Data provided:
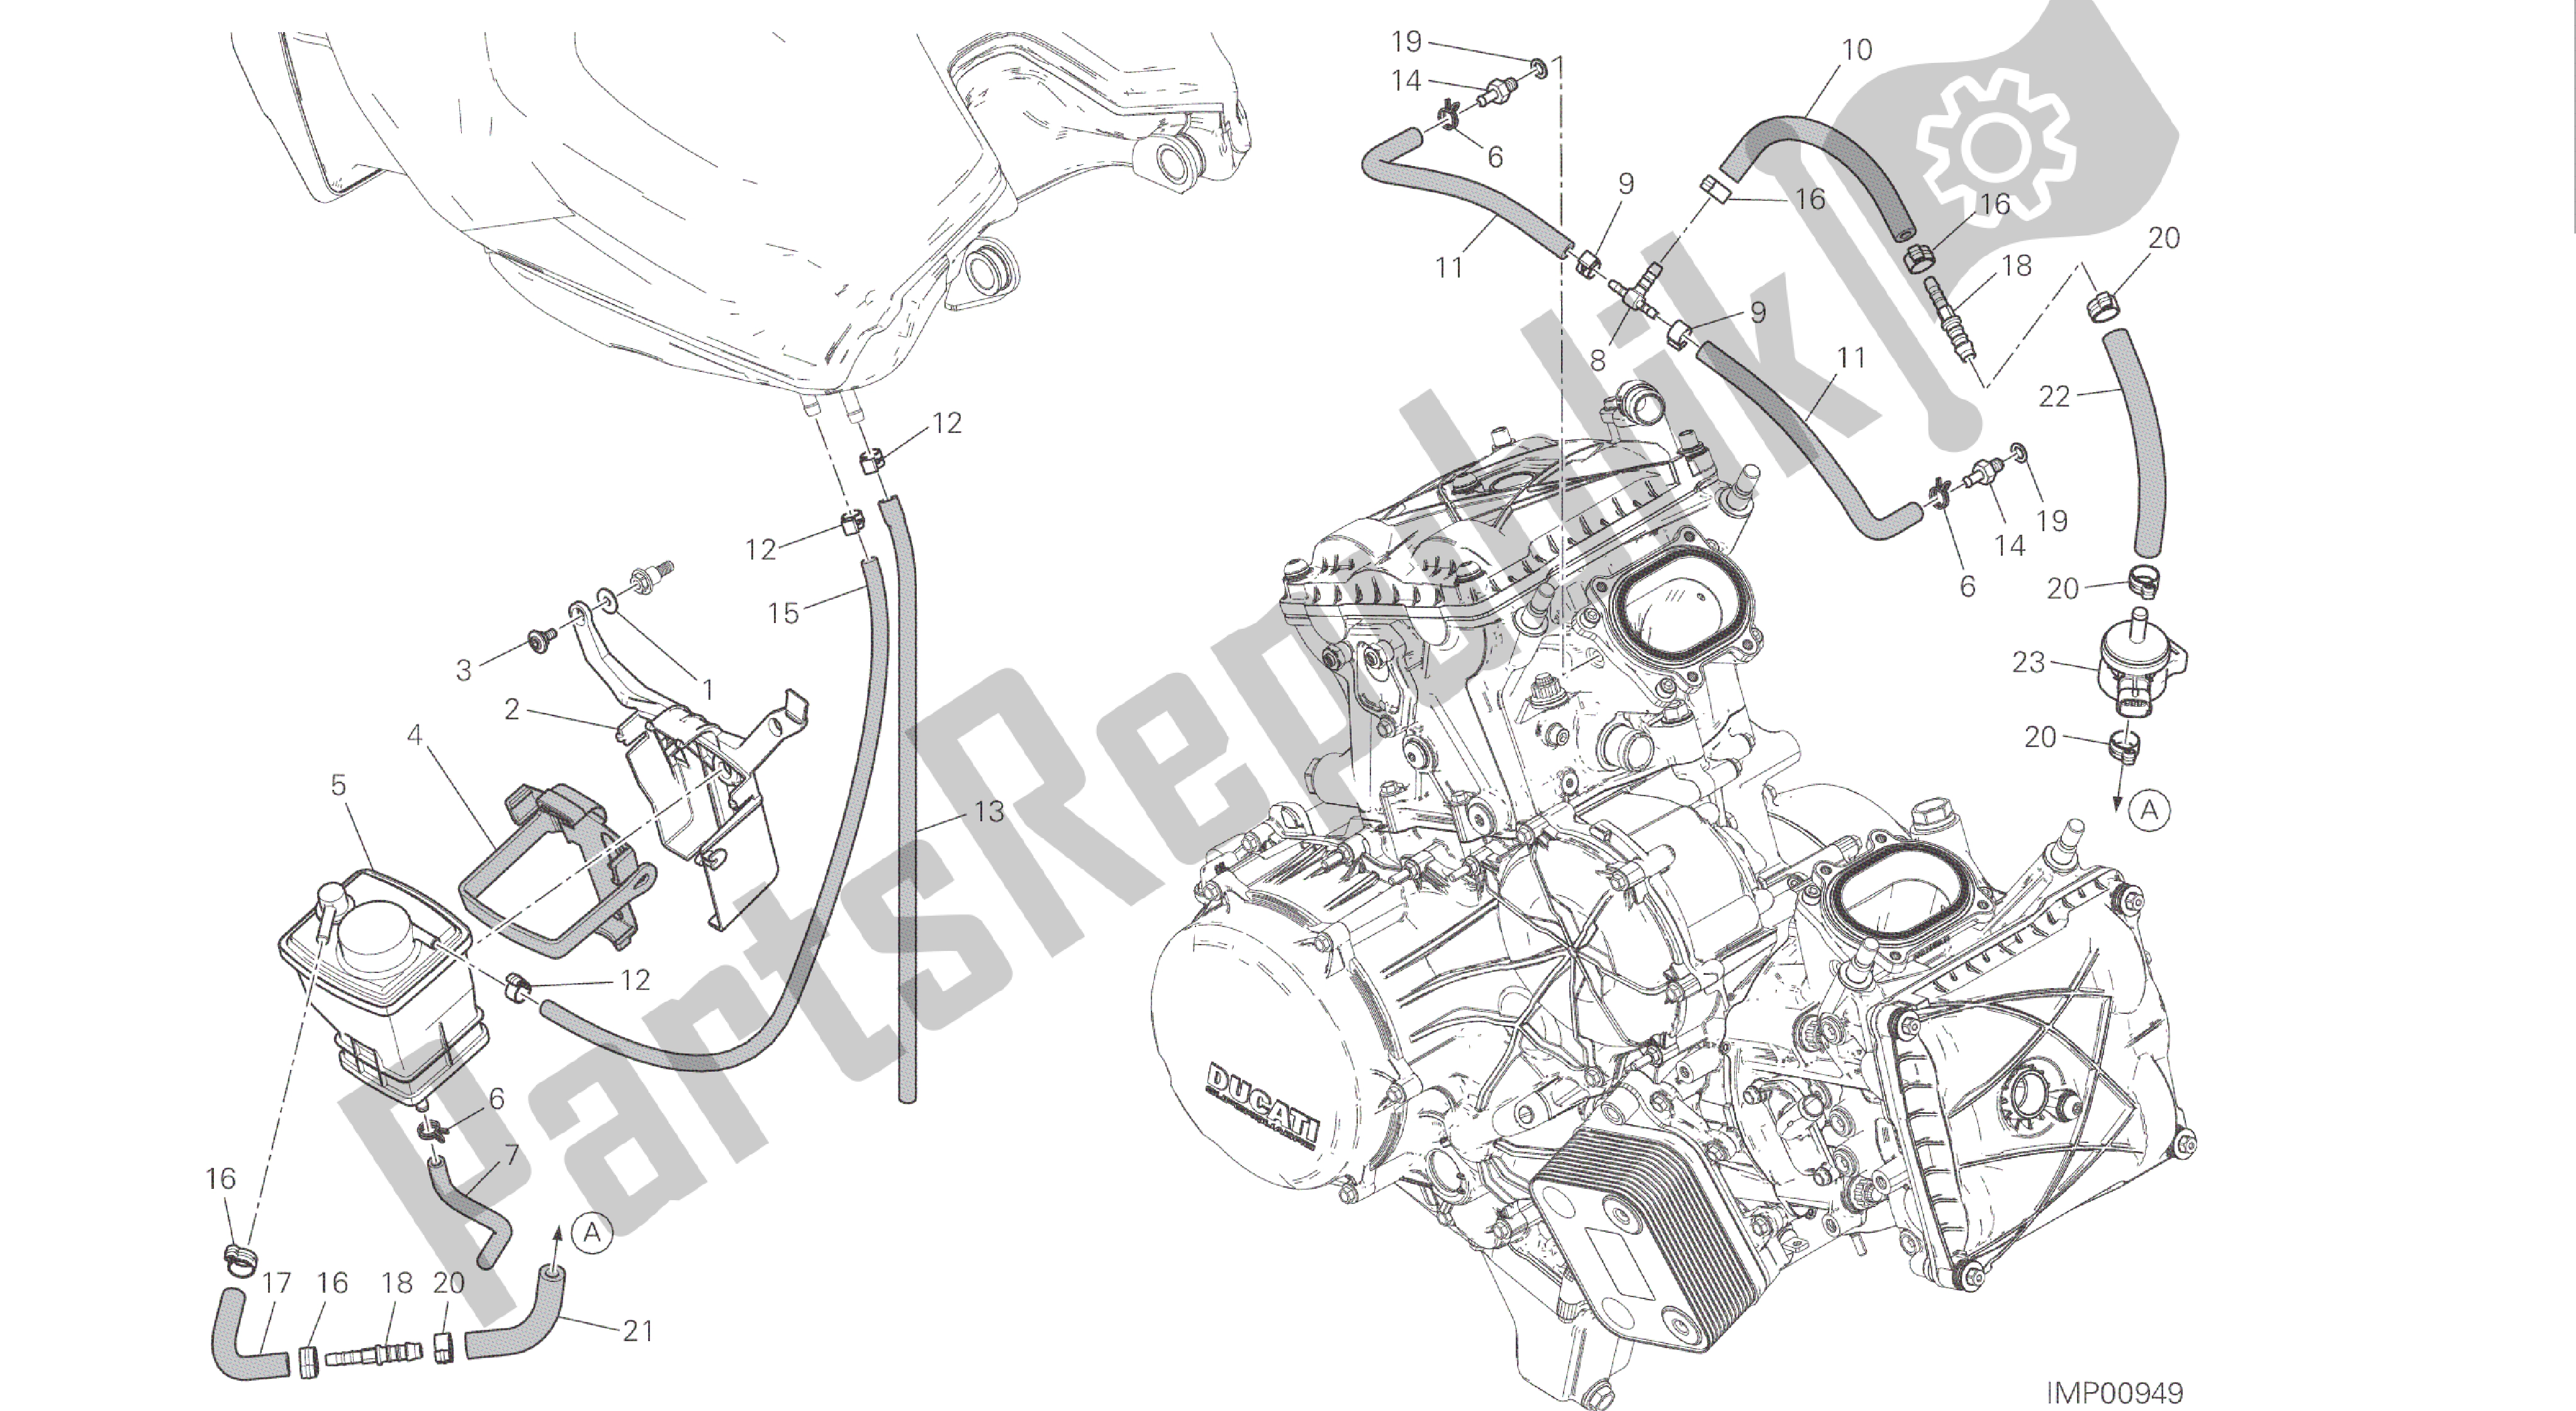 Todas las partes para Dibujo 035 - Filtro De Recipiente [mod: 1299s; Xst: Twn] Marco De Grupo de Ducati Panigale S ABS 1299 2016
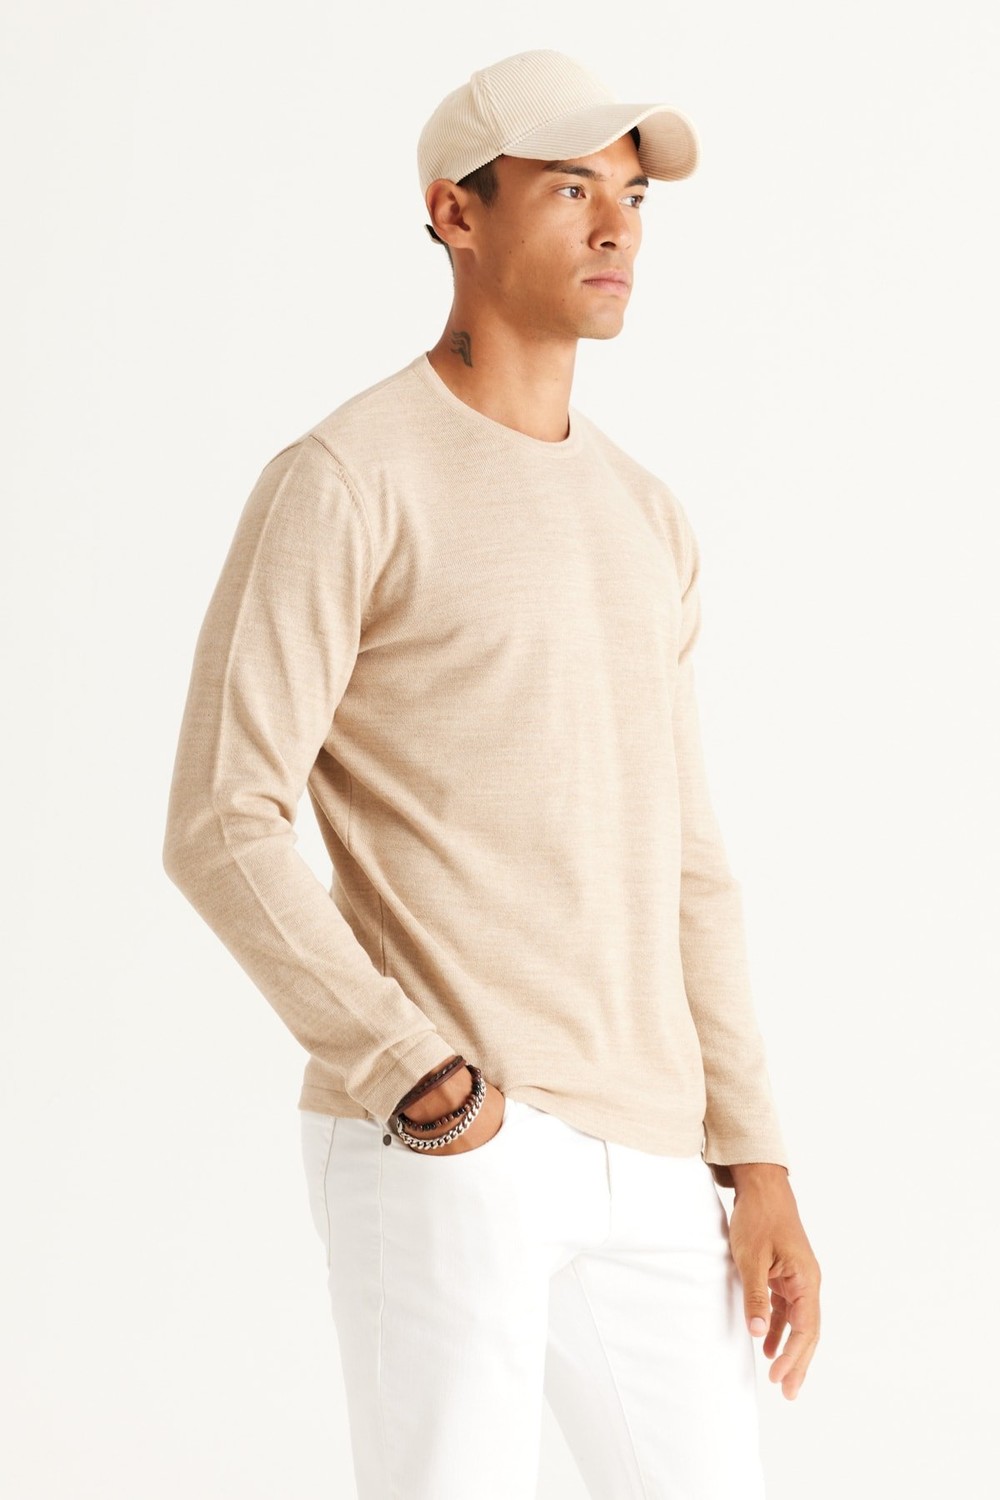 AC&Co / Altınyıldız Classics Men's Beige Standard Fit Normal Cut, Crew Neck Knitwear Sweater.
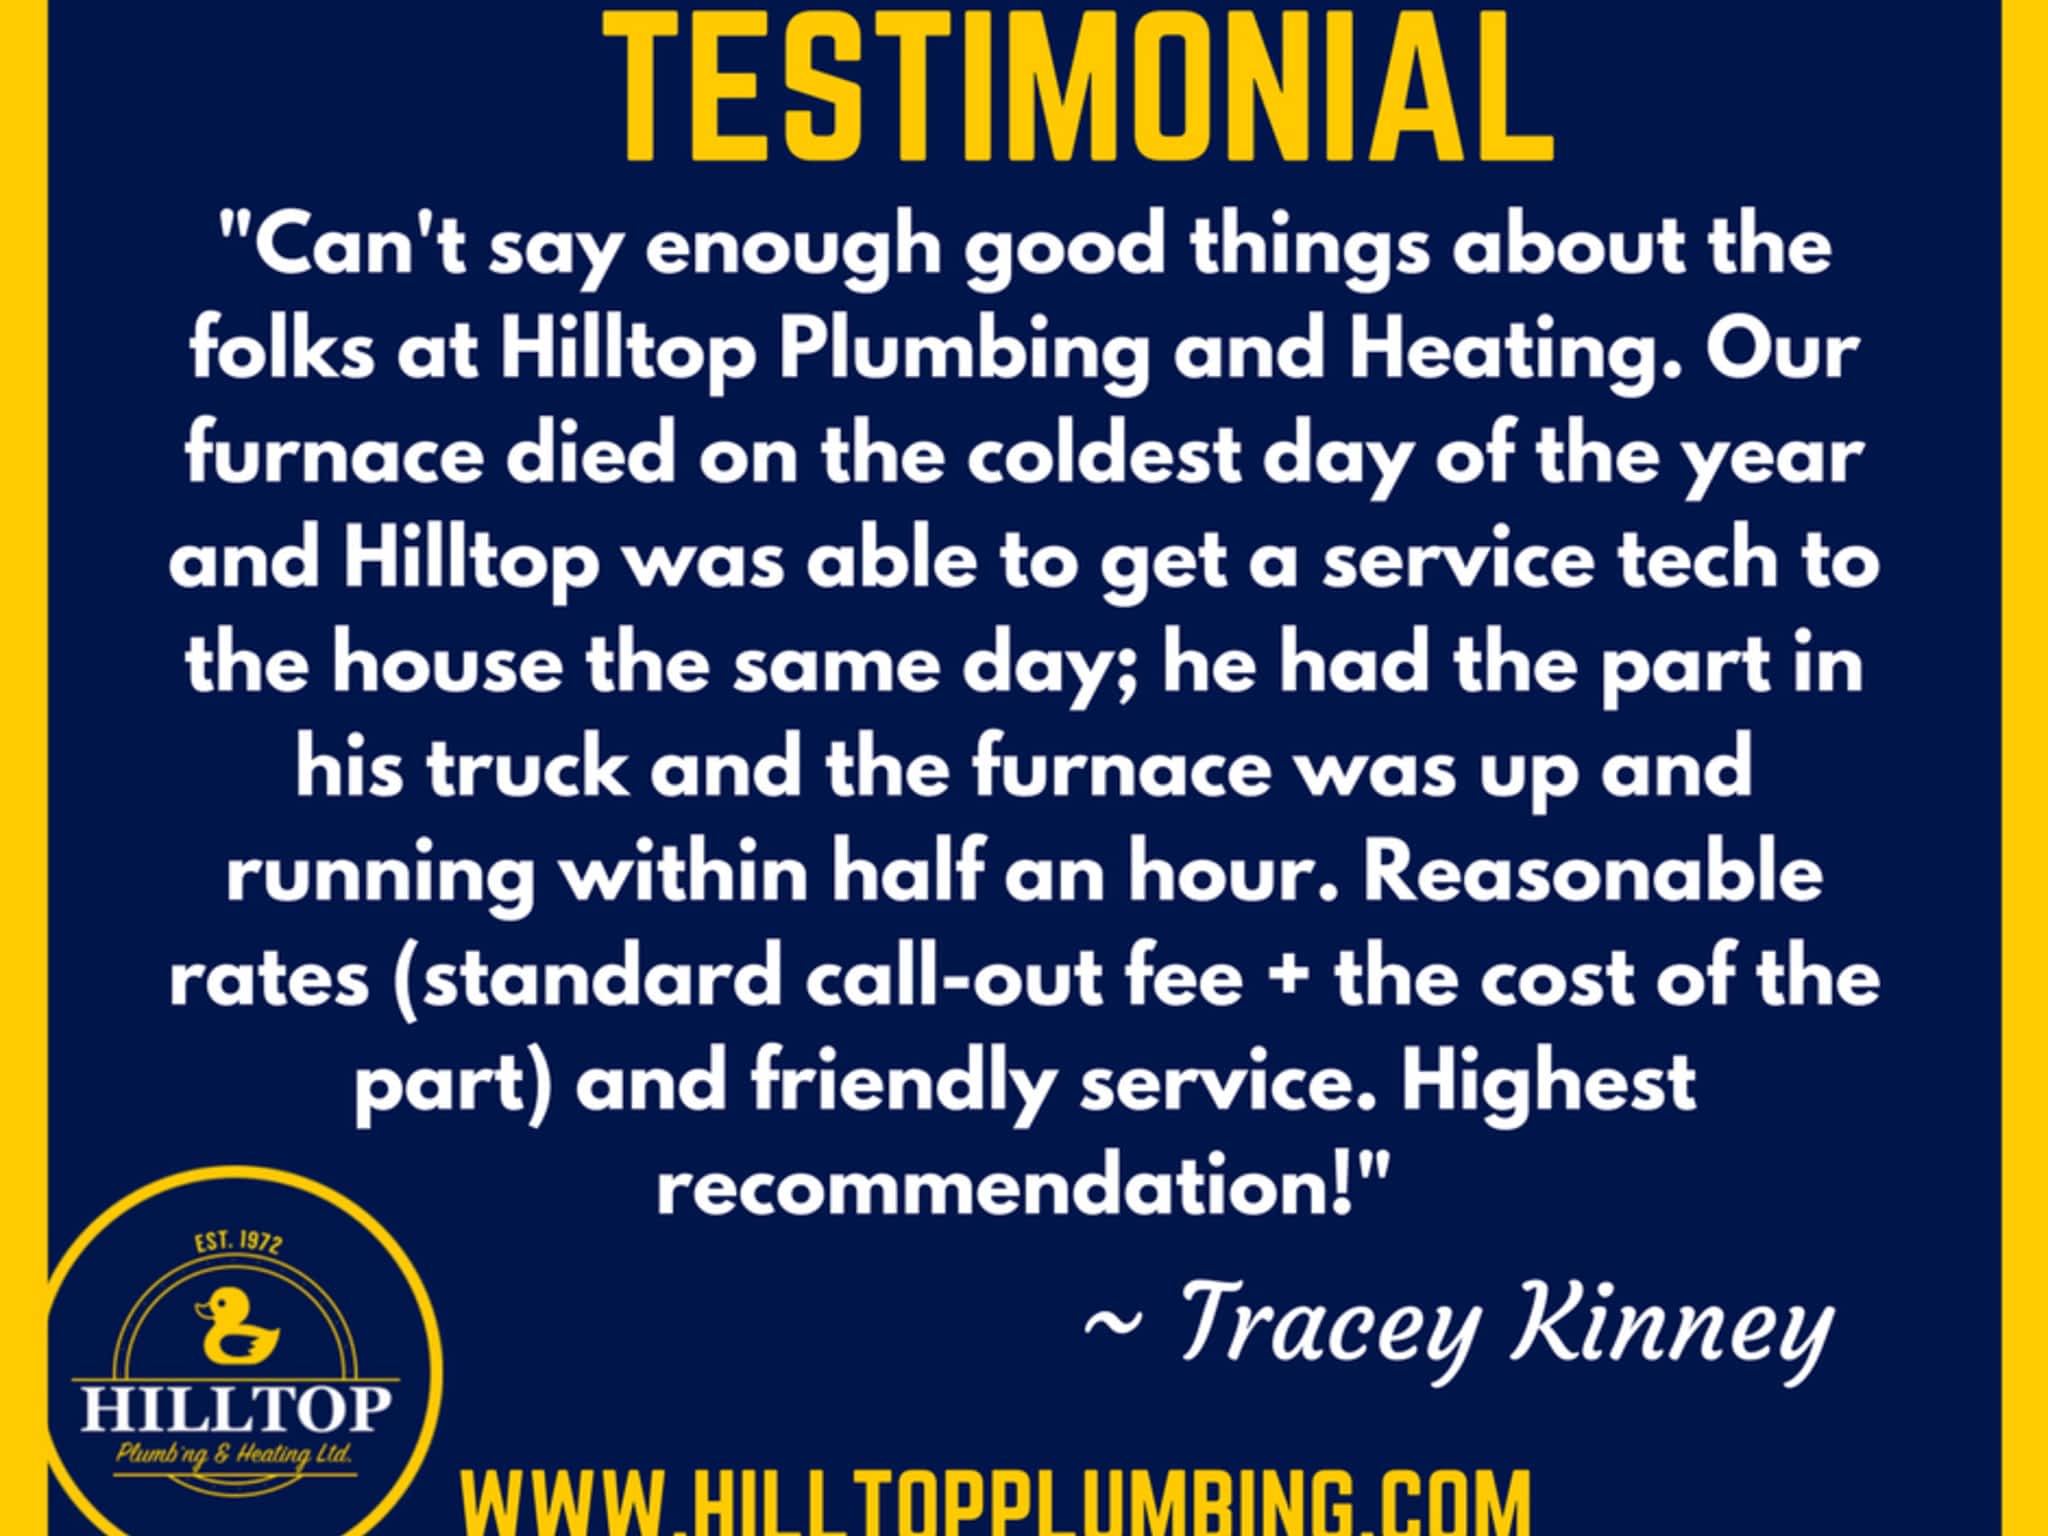 photo Hilltop Plumbing & Heating Ltd

To do:
Reproduce the entire listing exactly, except for any pictures it contains.

Result:
 Todas las partes para Dibujo 035 - Filtro De Recipiente [mod: 1299s; Xst: Twn] Marco De Grupo de Ducati Panigale S ABS 1299 2016
 AC&Co / Altınyıldız Classics Men's Beige Standard Fit Normal Cut, Crew Neck Knitwear Sweater.
 photo Hilltop Plumbing & Heating Ltd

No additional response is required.